Key points
- ASX hydrogen shares have just come off a roaring year, but there're not without risks
- Acorn Capital portfolio manager Risk Squire warns the sector's participants will likely face growing pains
- He cautions would-be investors to keep an open mind and consider the risks of buying into a changing space
Hydrogen shares were all the rage in 2021, with some ASX small caps involved in the energy commodity surging as much as 1,300% – recorded by Province Resources Ltd (ASX: PRL) – last year.
But are shares focused on the low-carbon energy source still a good investment?
That question was recently addressed by Acorn Capital portfolio manager Rick Squire. Here's what Squire believes those that are bullish on hydrogen in 2022 should look out for.
What risks might face those investing in ASX hydrogen shares?
There's no denying the future for hydrogen looks bright. As the world looks to decarbonisation, hydrogen – particularly, 'green' hydrogen, made using renewable energy – appears to hold answers to many tricky questions.
But, while no investment can be guaranteed, there are certain risks that come from investing in new industries.
In a piece published by Livewire, Squire offered 2 key insights that could be useful for ASX investors looking to get involved before hydrogen shares go 'mainstream'.
The first, be aware of the market's need for growth and the time that growth will likely take.
As Squire said, the market for hydrogen is currently small and it's costly to manufacture the element.
While such issues are being actively addressed by those working in the space, others aren't as easy to get around. Squire commented:
[H]ydrogen gas is highly flammable, has very low density, requires ultra-low temperatures to keep it liquid and has a propensity to leak and to weaken metal or polyethylene pipes. This makes storage and long-distance transportation less efficient than for liquified natural gas.
Bypassing these fundamental challenges will likely take time. Additionally, applications for hydrogen in key sectors, and even methods to commercially produce the element, could be a while away.
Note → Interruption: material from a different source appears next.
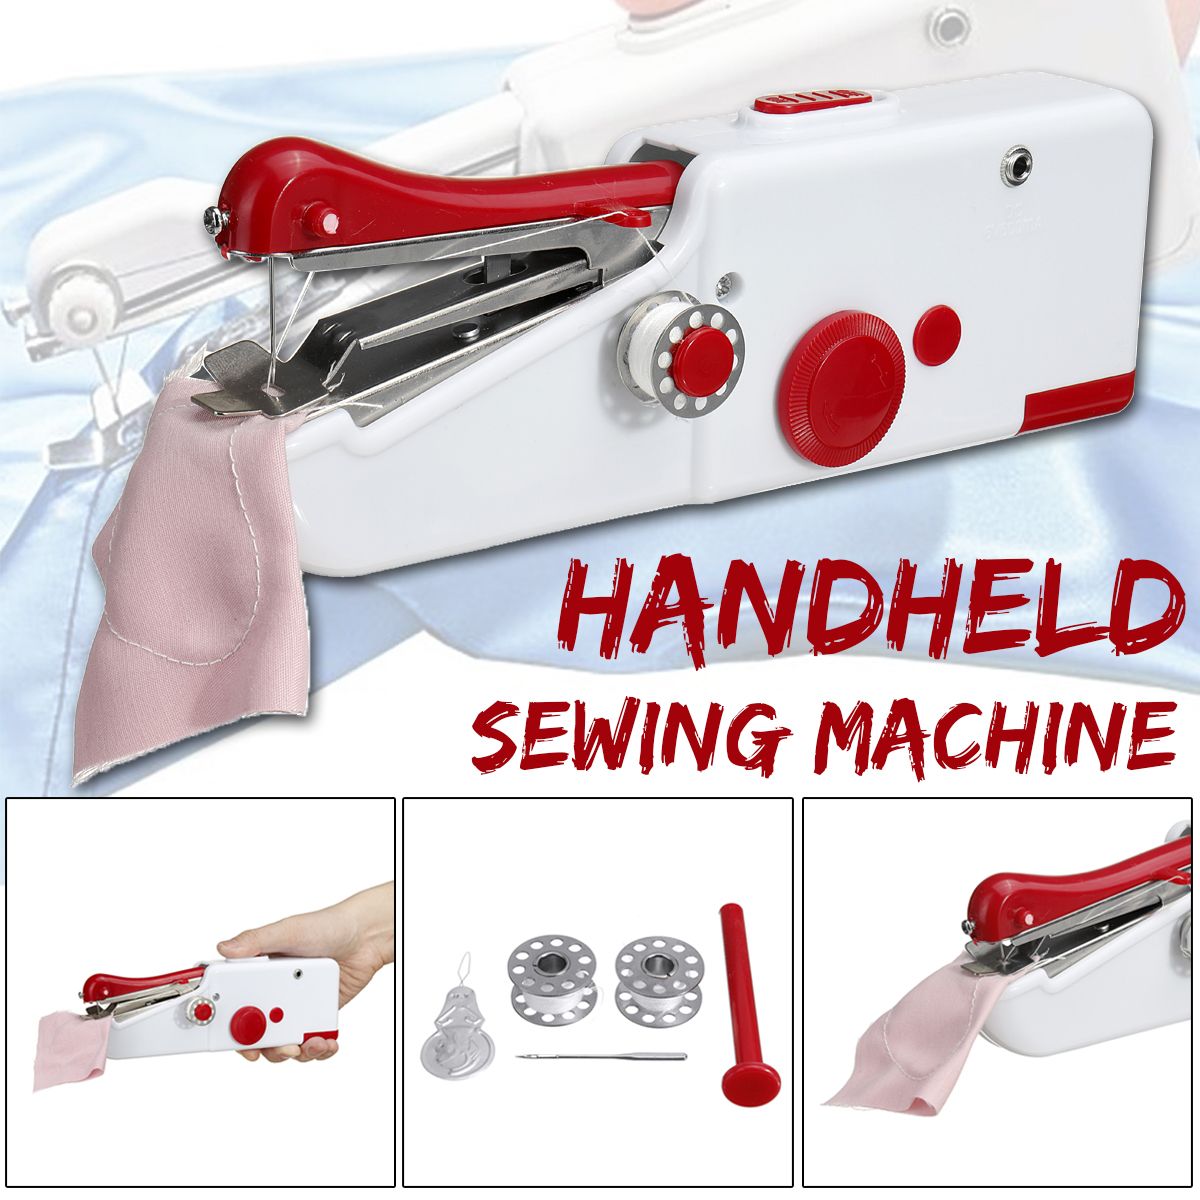 Portable-Mini-Electric-Handheld-Sewing-Machine-Travel-Household-Cordless-Stitch-Sew-Quick-Stitch-1610037

Squire wrote:
[Fortescue Metals Group Limited (ASX: FMG)] modified a dump truck to operate on green hydrogen, but it only ran for 20 minutes. Therefore, the initial application of green hydrogen will probably be very limited and small in scale. It will scale-up, but this will take time.
The second warning Squire gives to investors looking at ASX hydrogen shares points to the history of innovation. He noted:
When you look back at the adoption of major new technologies in the resources and energy sectors… the early movers were rarely the biggest winners.
Squire said his fund hasn't ruled out investing in ASX hydrogen shares. Rather, it's "consider[ing] the risks when playing with something very explosive".
He also advised keen market watchers to keep an open mind when deciding where in the hydrogen space to invest.
While green hydrogen is seemingly all the rage, blue hydrogen – created using natural gas or coal-fired power – may well be "an important and commercially viable stepping-stone for the sector," said Squire.
Paired with carbon capture and storage, he believes blue hydrogen could embody many of the emission-reduction benefits of its green sibling.